(What is required):
Show each line in the listing below that contains the word "during".

Records for the exercise: Begin

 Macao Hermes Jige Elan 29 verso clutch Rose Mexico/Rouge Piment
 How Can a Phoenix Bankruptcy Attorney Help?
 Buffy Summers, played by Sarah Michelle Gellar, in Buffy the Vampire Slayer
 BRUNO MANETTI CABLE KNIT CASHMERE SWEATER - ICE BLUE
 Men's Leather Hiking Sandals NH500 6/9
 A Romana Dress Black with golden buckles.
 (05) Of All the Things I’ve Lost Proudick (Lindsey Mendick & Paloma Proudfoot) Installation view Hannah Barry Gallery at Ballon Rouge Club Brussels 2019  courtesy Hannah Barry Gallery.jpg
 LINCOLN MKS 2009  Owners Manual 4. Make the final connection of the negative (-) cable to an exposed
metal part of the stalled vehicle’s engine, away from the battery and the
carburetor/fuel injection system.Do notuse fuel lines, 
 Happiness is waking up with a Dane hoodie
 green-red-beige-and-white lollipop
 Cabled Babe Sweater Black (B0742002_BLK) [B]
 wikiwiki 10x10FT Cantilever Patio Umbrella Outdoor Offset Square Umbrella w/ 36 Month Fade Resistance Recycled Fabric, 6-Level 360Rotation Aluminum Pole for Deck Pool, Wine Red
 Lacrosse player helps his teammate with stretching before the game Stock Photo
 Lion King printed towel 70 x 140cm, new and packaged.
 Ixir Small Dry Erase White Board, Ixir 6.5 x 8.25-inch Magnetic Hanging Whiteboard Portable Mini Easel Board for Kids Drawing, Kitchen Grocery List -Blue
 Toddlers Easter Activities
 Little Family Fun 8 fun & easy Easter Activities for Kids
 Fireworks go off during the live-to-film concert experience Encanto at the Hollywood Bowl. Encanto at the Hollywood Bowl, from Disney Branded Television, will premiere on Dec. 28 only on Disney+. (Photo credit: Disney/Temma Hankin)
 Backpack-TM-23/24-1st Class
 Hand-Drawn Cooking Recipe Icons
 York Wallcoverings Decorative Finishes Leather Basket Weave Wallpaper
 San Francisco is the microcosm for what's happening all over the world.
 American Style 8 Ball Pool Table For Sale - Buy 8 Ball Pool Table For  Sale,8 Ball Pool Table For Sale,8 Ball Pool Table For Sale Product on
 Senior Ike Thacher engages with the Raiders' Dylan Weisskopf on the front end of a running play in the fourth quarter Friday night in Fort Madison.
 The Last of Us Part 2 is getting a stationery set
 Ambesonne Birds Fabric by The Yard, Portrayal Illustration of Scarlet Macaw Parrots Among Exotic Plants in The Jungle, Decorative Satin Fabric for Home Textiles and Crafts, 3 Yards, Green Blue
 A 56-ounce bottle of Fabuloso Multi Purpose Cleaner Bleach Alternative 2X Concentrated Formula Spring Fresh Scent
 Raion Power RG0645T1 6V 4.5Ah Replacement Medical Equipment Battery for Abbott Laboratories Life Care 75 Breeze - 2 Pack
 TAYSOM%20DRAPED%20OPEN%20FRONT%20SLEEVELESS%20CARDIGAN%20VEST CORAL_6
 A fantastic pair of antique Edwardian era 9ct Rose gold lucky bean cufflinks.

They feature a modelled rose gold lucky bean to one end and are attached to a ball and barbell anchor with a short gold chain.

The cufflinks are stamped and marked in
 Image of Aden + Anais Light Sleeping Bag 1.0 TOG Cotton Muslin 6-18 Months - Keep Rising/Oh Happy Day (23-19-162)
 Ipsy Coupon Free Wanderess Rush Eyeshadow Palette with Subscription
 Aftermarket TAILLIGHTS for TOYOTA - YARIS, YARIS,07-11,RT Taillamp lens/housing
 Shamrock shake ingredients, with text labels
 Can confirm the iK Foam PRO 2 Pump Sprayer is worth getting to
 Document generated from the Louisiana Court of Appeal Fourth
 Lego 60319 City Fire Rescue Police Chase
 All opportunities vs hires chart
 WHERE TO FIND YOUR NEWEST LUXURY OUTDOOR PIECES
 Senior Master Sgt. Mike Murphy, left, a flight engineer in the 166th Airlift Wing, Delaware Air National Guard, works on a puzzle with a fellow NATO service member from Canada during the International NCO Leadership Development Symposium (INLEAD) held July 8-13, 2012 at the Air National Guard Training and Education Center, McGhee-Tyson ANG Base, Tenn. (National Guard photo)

Records for the exercise: End

(Answer to the problem):
 Fireworks go off during the live-to-film concert experience Encanto at the Hollywood Bowl. Encanto at the Hollywood Bowl, from Disney Branded Television, will premiere on Dec. 28 only on Disney+. (Photo credit: Disney/Temma Hankin)
 Senior Master Sgt. Mike Murphy, left, a flight engineer in the 166th Airlift Wing, Delaware Air National Guard, works on a puzzle with a fellow NATO service member from Canada during the International NCO Leadership Development Symposium (INLEAD) held July 8-13, 2012 at the Air National Guard Training and Education Center, McGhee-Tyson ANG Base, Tenn. (National Guard photo)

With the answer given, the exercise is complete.